1
Introduction
Tandis que l’Union européenne est secouée par une crise aux multiples visages – financière,
démocratique, sociale, idéologique –, crise dont certains intellectuels affirment qu’elle est
nécessaire, qu’elle est un passage naturel sur la voie lente mais sûre de la jeune construction
européenne1, un nouveau concept a fait son apparition dans la campagne présidentielle
française, sans pour le moment trouver un écho très large dans le reste de l’opinion publique
internationale, c’est celui de la « démondialisation »2. De façon a priori désarçonnante, il a
mis d’accord aussi bien l’extrême droite (Marine Le Pen) que l’extrême gauche (Jean-Luc
Mélenchon) et la gauche modérée (Arnaud Montebourg, qui en avait fait son slogan de
campagne)3. À gauche, chez le candidat malheureux aux primaires socialistes, Arnaud
Montebourg, on défend un protectionnisme européen – dans l’intérêt du Nord comme du Sud,
affirme-t-on –, un protectionnisme « altruiste et solidaire »4.
Au-delà de ces programmes politiques particuliers, il convient d’interroger ce nouveau
concept et ses enjeux, en ciblant les problèmes auxquels ses partisans prétendent apporter une
réponse et en évaluant cette réponse à l’aune de critères de justice. Le propos de ce travail ne
consistera pas à recenser la liste exhaustive des problèmes politiques, économiques, sociaux,
environnementaux et culturels que pose la mondialisation, mais d’en cibler quelques-uns des
principaux – nous avons choisi 1/ le délitement des États providence, qui concerne les
démocraties libérales occidentales essentiellement ; 2/ l’homogénéisation culturelle, politique
et économique, ou « occidentalisation du monde », qui inquiète notamment les pays en voie
de développement ; 3/ la perte d’autonomie démocratique des États-nations, qui est constatée
par tous et fait le lien entre les deux premiers problèmes. C’est donc sur ces points que nous
allons successivement nous pencher, au moyen d’apports théoriques divers, qui ne se
cantonnent pas aux écrits explicitement « démondialistes »5, mais qui sont de nature à soutenir
ou remettre en cause ce projet.
En toile de fond, c’est bien entendu la crise écologique qui constitue le problème majeur
engendré par la mondialisation des échanges et la dérégulation des marchés. Ce problème est
trop évident que pour être rappelé et analysé spécifiquement ici, mais il est bien entendu que
toute solution aux autres problèmes soulevés devra apporter en premier lieu une réponse
crédible à cette crise aux conséquences potentiellement désastreuses pour les générations
futures.
1 Cf. VAN MIDDELAAR Luuk, Le passage à l’Europe. Histoire d’un commencement, Paris, Gallimard, 2012.

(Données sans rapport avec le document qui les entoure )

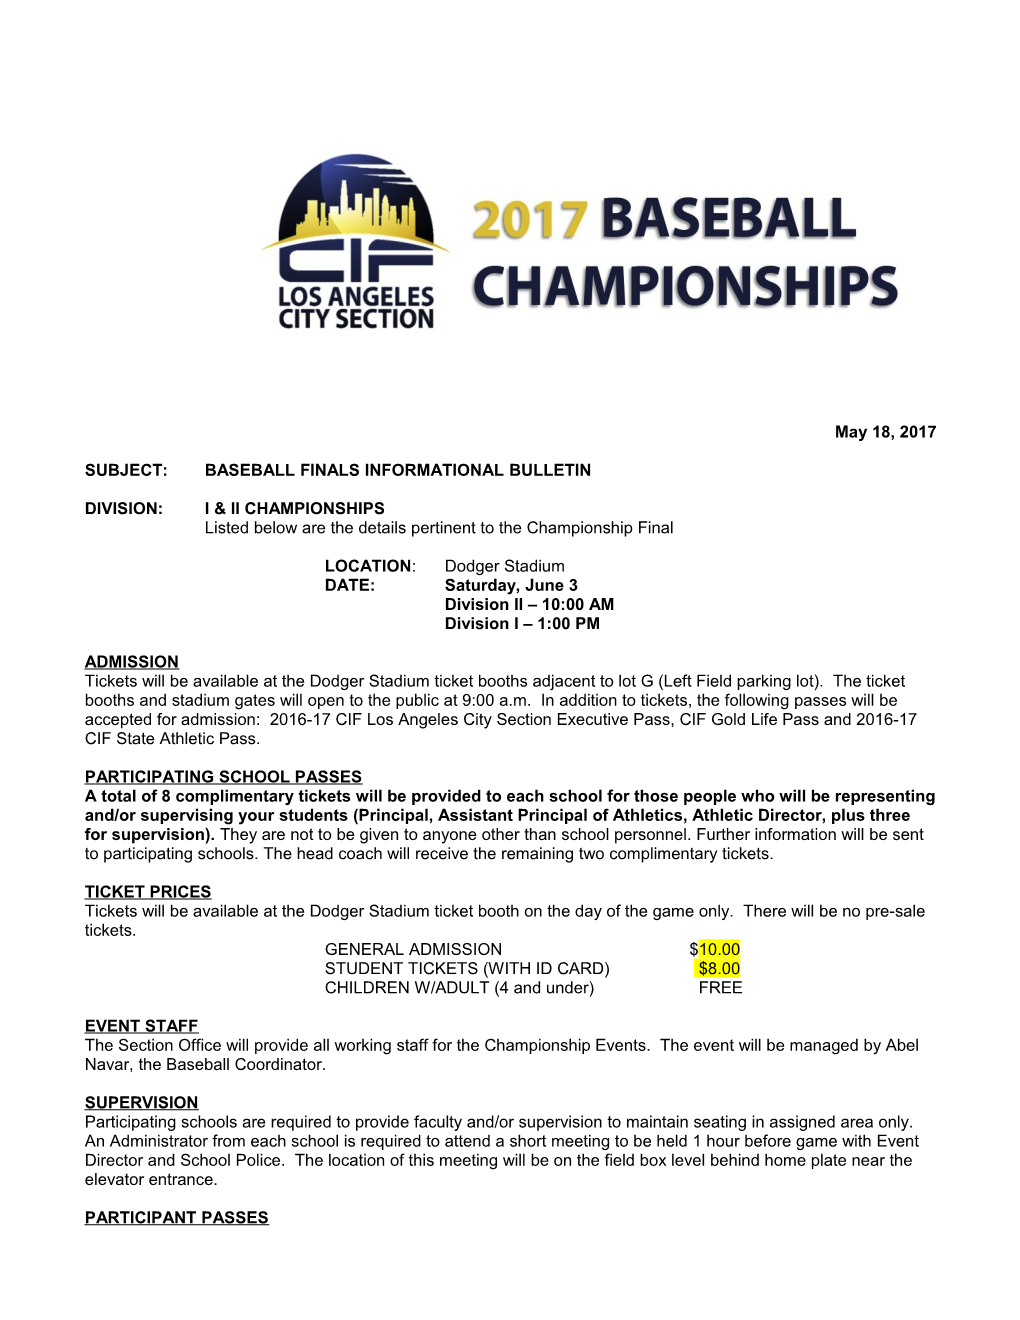 Subject:Baseball Finals Informational Bulletin

2 En anglais : deglobalization. En français on utilise également « déglobalisation ». La démondialisation n’est
pas identique à l’altermondialisme ; elle implique, dans ses différentes variantes, une certaine dynamique de
repli, de retour à des formes plus locales d’autonomie et d’économie.
3 Cela paraît moins étonnant si l’on tient compte du fait que Marine Le Pen semble avoir déplacé le
positionnement politique du Front National de l’extrême droite au « socialisme ethnique », pour reprendre
l’expression du politologue Dominique Reynié. Tandis que son père, Jean-Marie, prônait « moins d’État », elle
centre son programme sur une préservation des avantages de l’État social…pour les Français uniquement. Cf.
REYNIÉ Dominique, Populisme : la pente fatale, Paris, Plon, 2011, cité dans MORA Miguel, « Du AAA pour Le
Pen », dans Courrier international n° 1107, 19-25 janvier 2012, p. 9.
4 MONTEBOURG Arnaud, Votez pour la démondialisation. La République plus forte que la mondialisation, Paris,
Flammarion, 2011, p. 52.
5 Nous n’en avons identifié que deux, outre le manifeste de Montebourg : La démondialisation. Idées pour une
nouvelle économie mondiale, du sociologue philippin Walden Bello, fondateur et directeur de l’ONG Focus on
the Global South, initialement paru en 2002 chez Zed Books, ainsi que La démondialisation de l’économiste
français Jacques Sapir, paru l’an dernier aux éditions du Seuil. L’idée d’un protectionnisme européen est
défendue notamment par Emmanuel Todd dans Après l’Empire, Paris, Gallimard, 2003.